BEGIN Input material
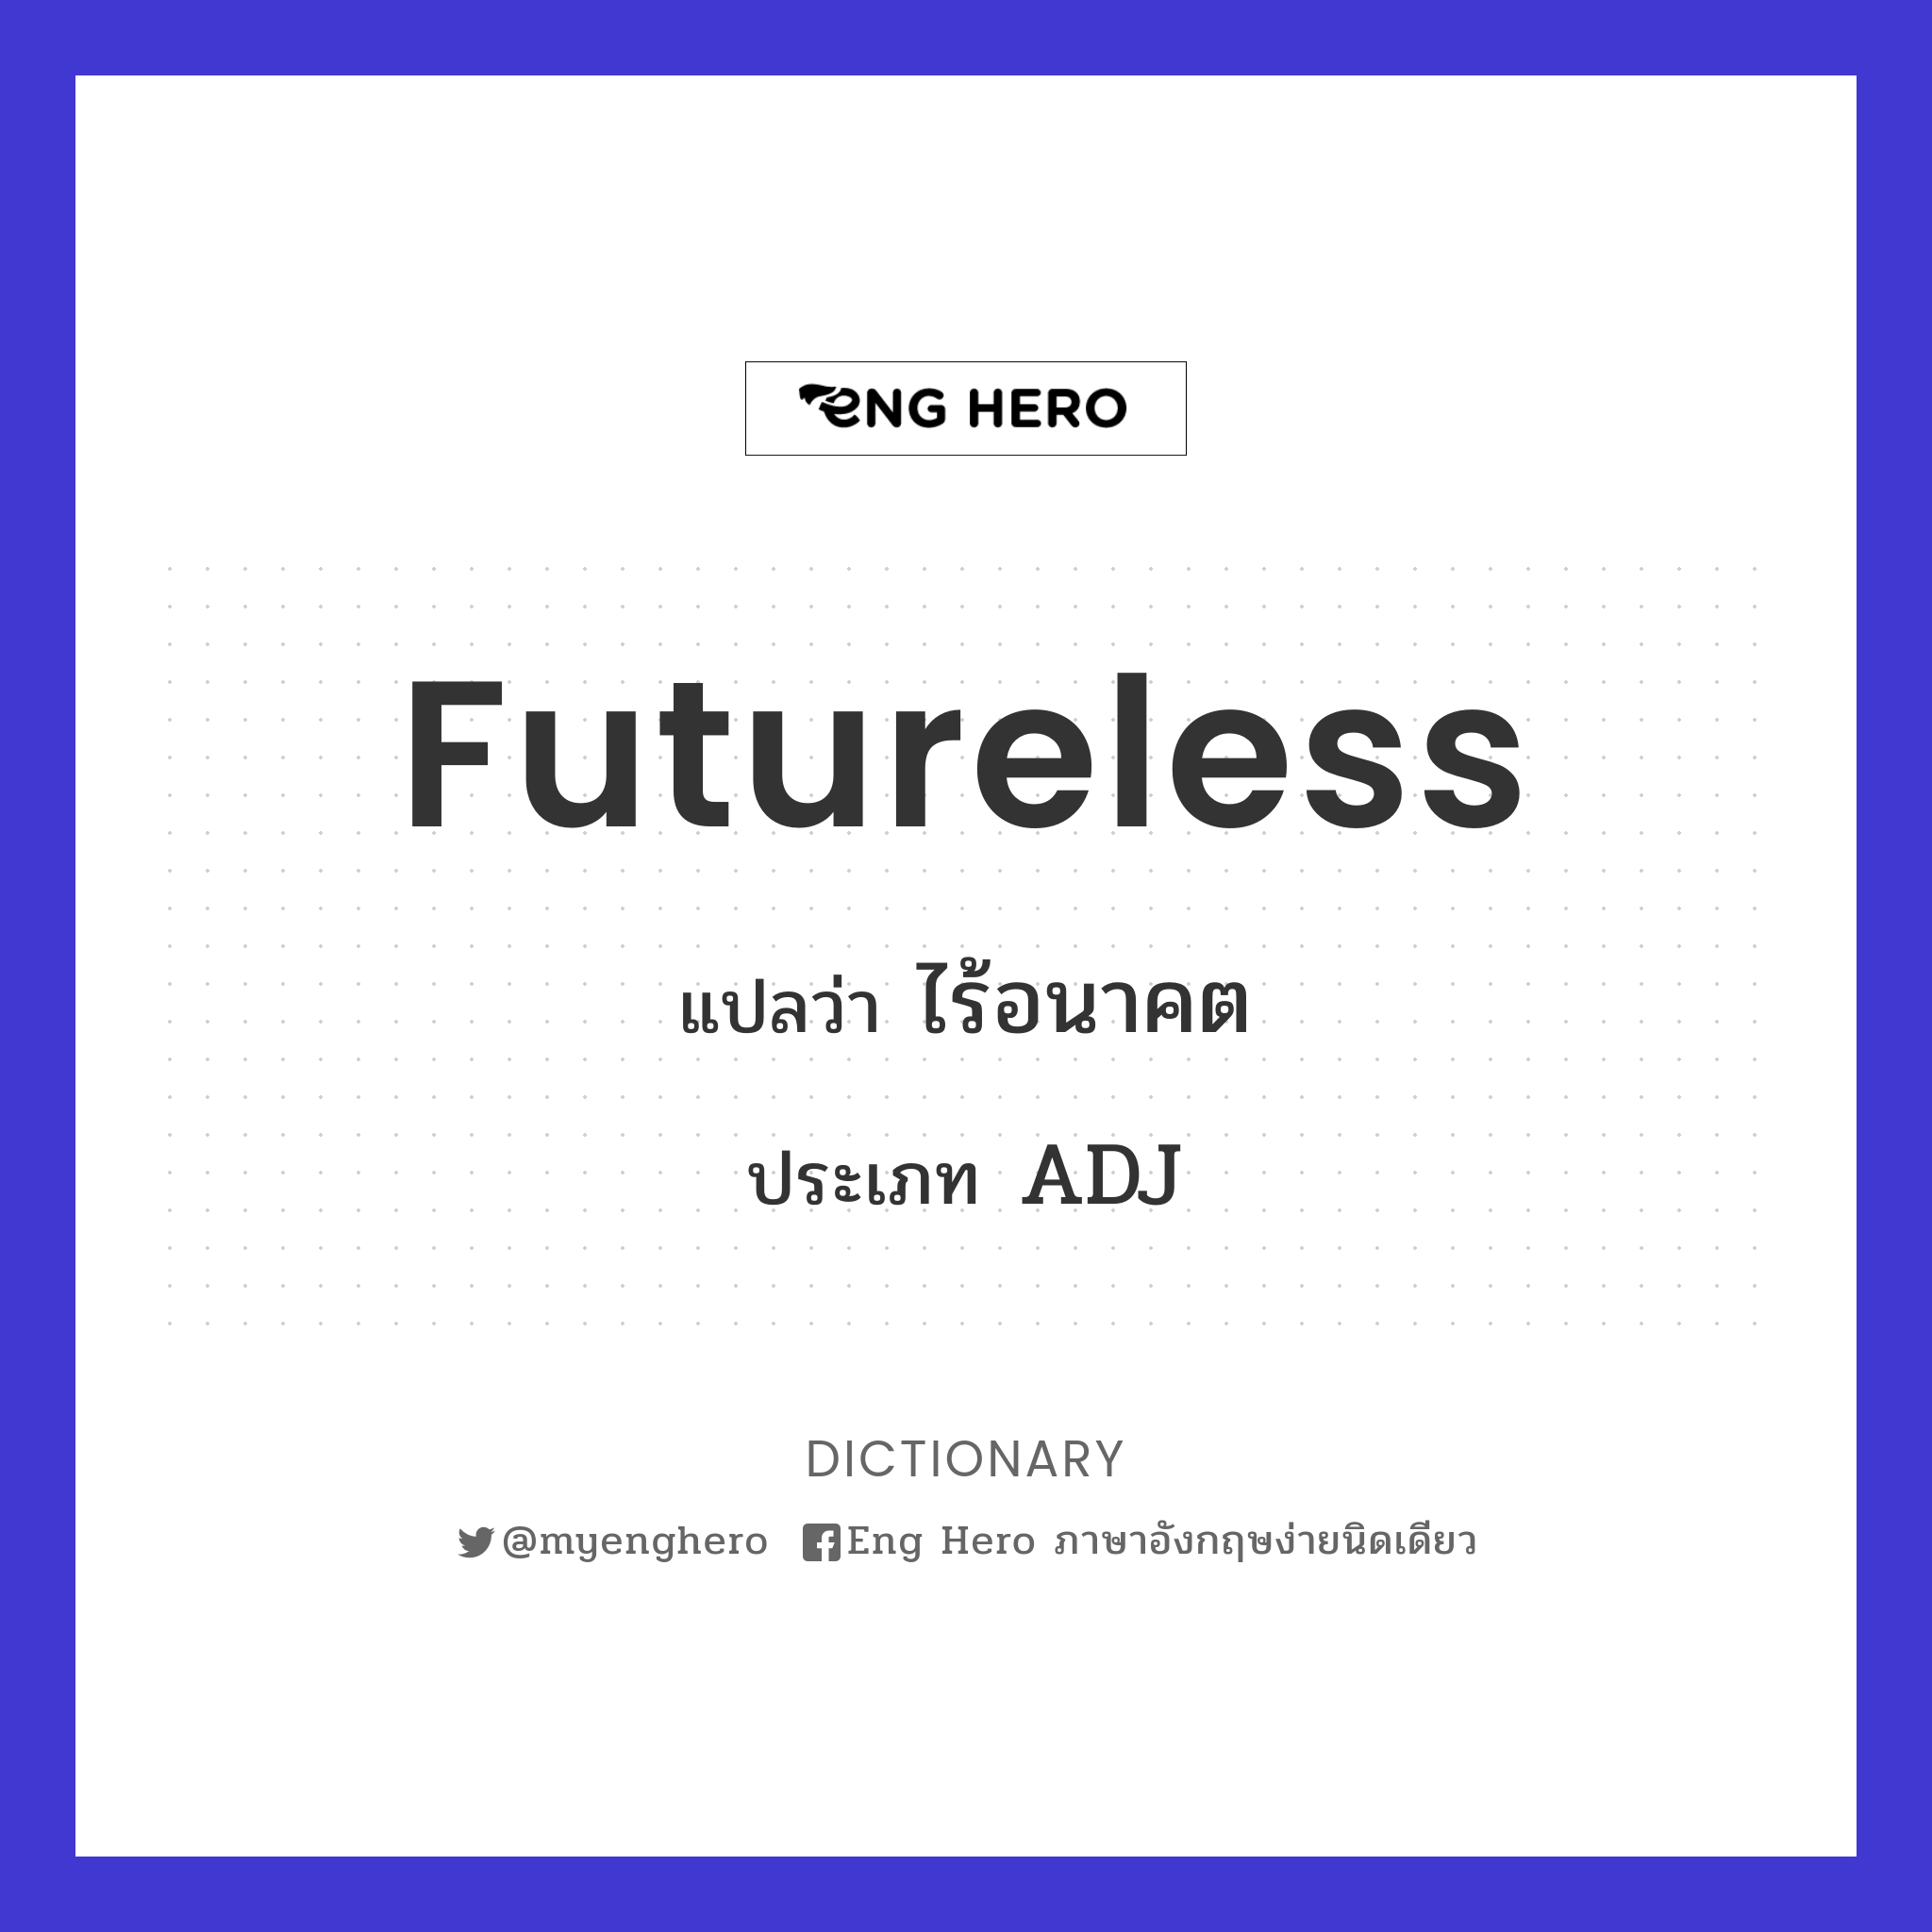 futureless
END Input material
BEGIN Input material
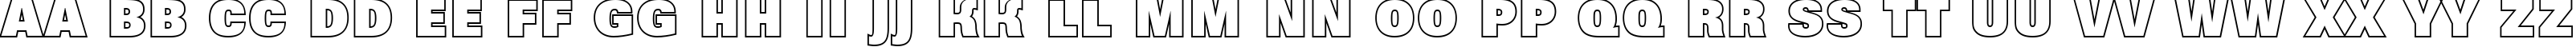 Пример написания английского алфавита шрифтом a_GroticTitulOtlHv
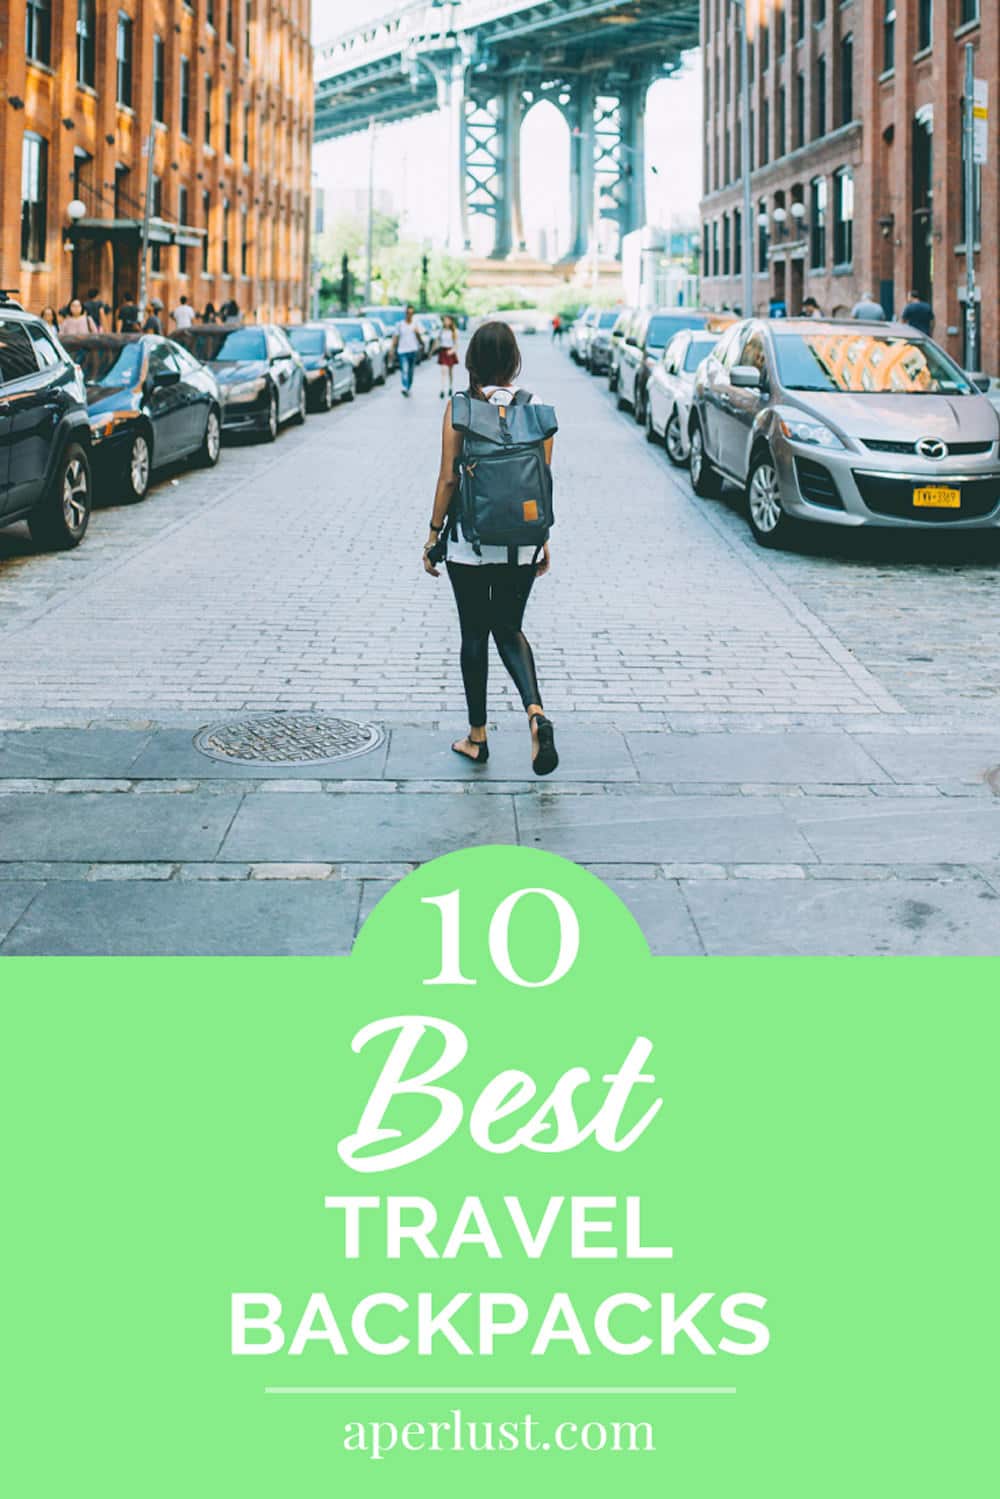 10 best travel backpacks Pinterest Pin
END Input material
BEGIN Input material
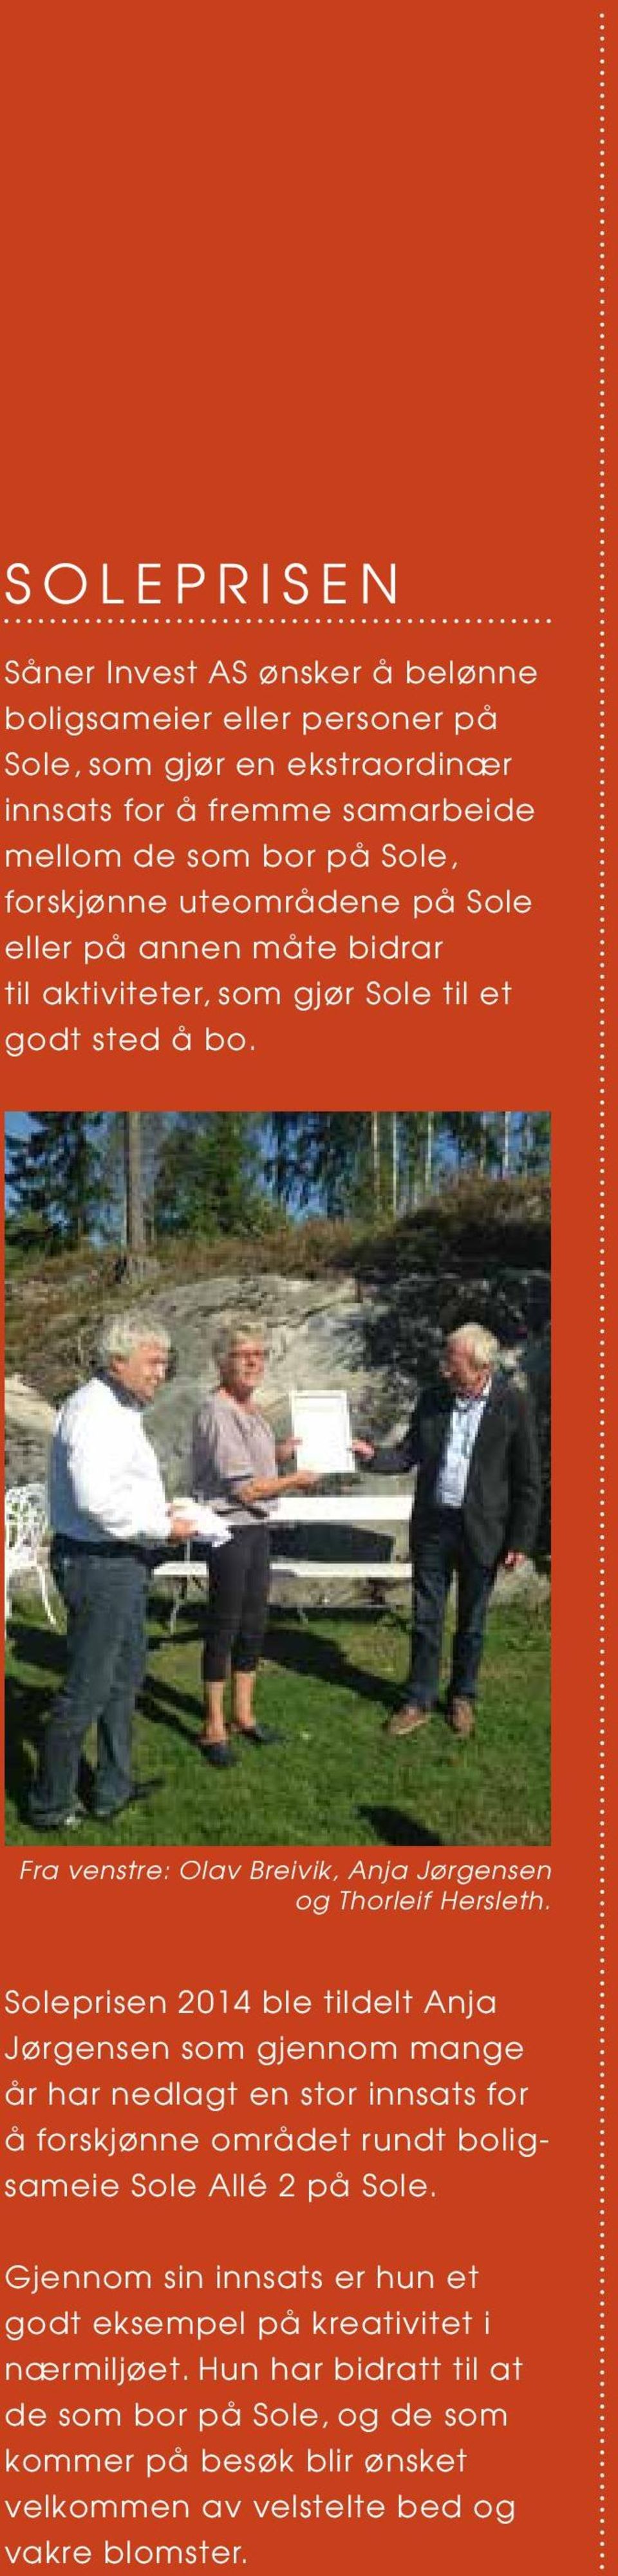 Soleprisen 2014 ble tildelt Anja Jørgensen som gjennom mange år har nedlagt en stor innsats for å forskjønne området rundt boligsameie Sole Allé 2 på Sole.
END Input material
→ Exercise
Using the listing above, reproduce word for word every line from the one containing "Пример написания английского" through the one containing "10 best travel backpacks Pinterest Pin". Pictures must be left out.

→ Solved problem
 Пример написания английского алфавита шрифтом a_GroticTitulOtlHv
 10 best travel backpacks Pinterest Pin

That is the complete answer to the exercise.